[Corpora-List] 2nd CfP: Grammar Data Mining (GDM): Extracting Linguistic Features From Grammatical Descriptions, September 5-6, 2019 - Varna, Bulgaria

Harald Hammarström harald at bombo.se
Wed Jun 19 17:54:52 CEST 2019


2nd Call for papers

Grammar Data Mining (GDM): Extracting Linguistic Features From Grammatical Descriptions

September 5-6, 2019 - Varna, Bulgaria

Submission deadline: 30 June 2019

Link: https://spraakbanken.gu.se/lsi/sharedtask/

Description -----------

The present Workshop/Shared Task seeks to transform a large set of digitized publications describing the grammars of the languages of the world into structured databases that will enable comparison of different languages at an unprecedented breadth and depth.
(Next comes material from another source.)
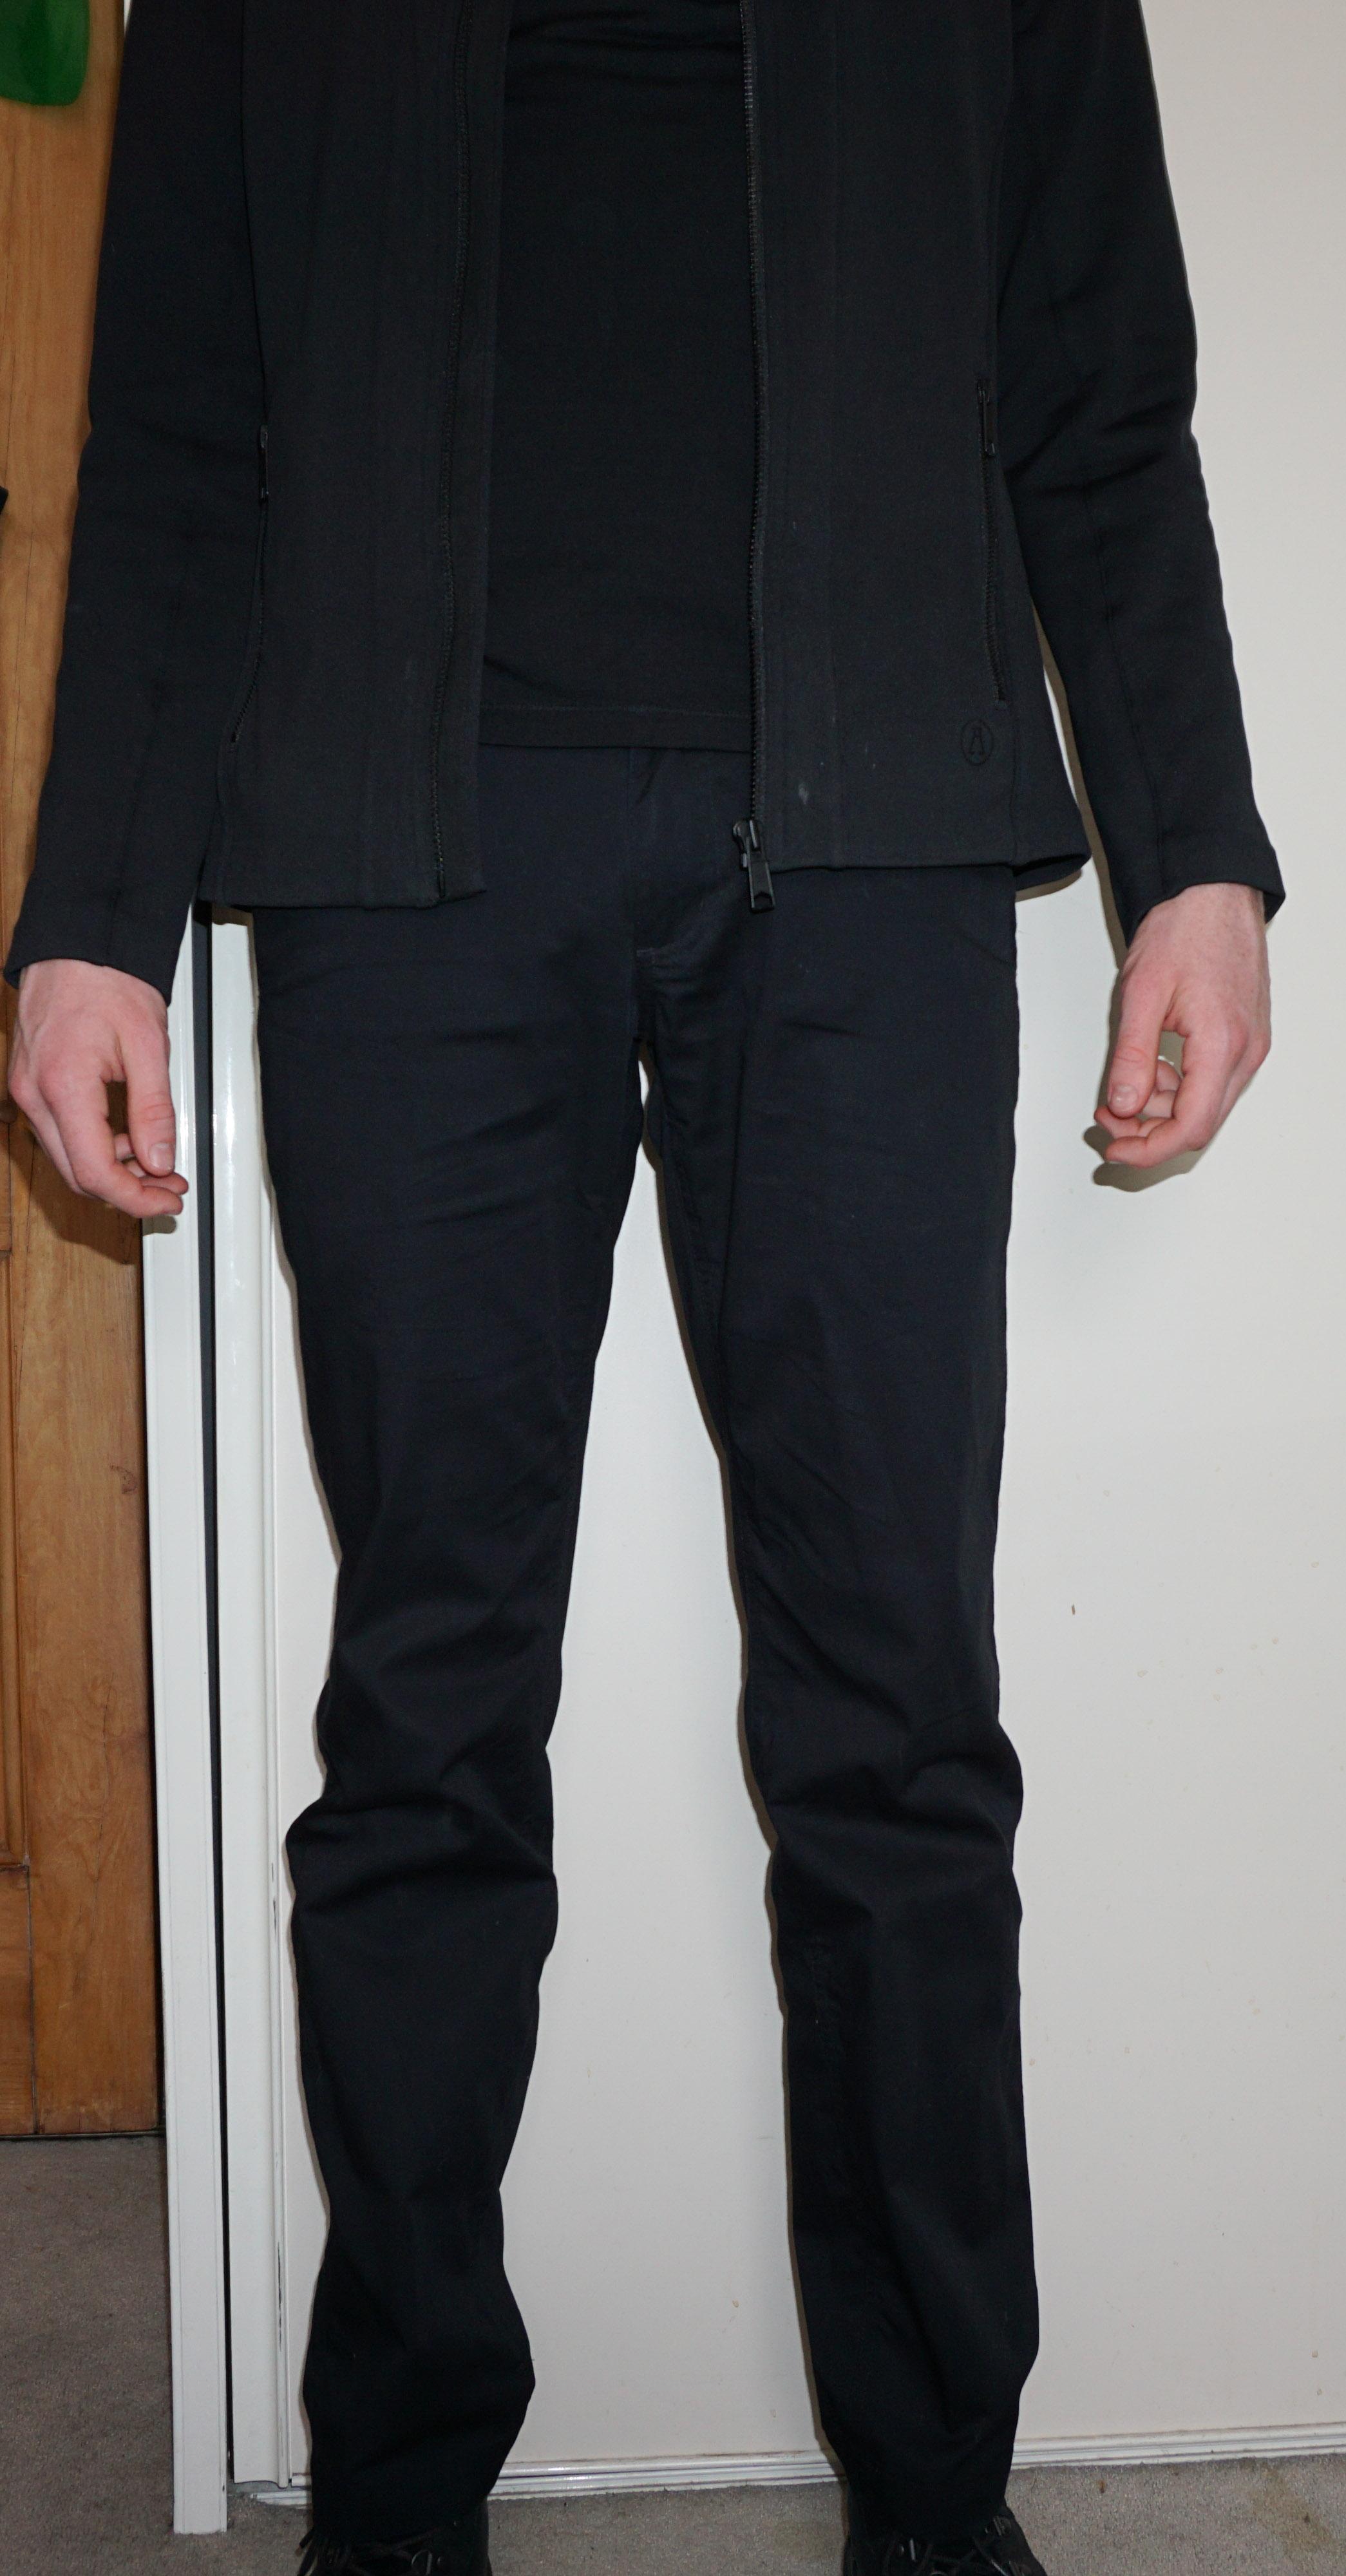 3xdry pants fit

There are some 6 500 languages in the world and information about their grammatical characteristics is available in book-form for over 4 000 of them. Until recently, extraction of information from grammars has been done exclusively through manual collection. This procedure is naturally bounded by the limits of human capacities, and as such can only target a relatively small amount of languages/characteristics at a substantial time investment in a given time.

We are now entering a phase where it is practical to use NLP tools for a number of similar tasks. A computer may minimally infer some characteristics of the language described simply by counting words used in a grammatical description, e.g., a high-frequency of the term ’suffix’ likely indicates that the language being described uses a lot of suffixes. Further, there are less straightforward or more detailed characteristics traditionally of interest to linguists, such as where the verb is placed in then sentence (beginning, middle, end), the existence and use of participles, possessive constructions, evidentiality and so on. Any techniques from the NLP toolbox such as td-idf-weighting, tagging, parsing and vector spaces may be used in combination and as input in more sophisticated Machine Learning approaches.

In this shared task we provide a subset of the World Atlas of Language Structures (WALS, http://wals.info) along with the digitized sources from which the features were drawn. Sources are provided in raw text form. The task is to infer WALS datapoints from the raw text data of the digitized grammatical descriptions.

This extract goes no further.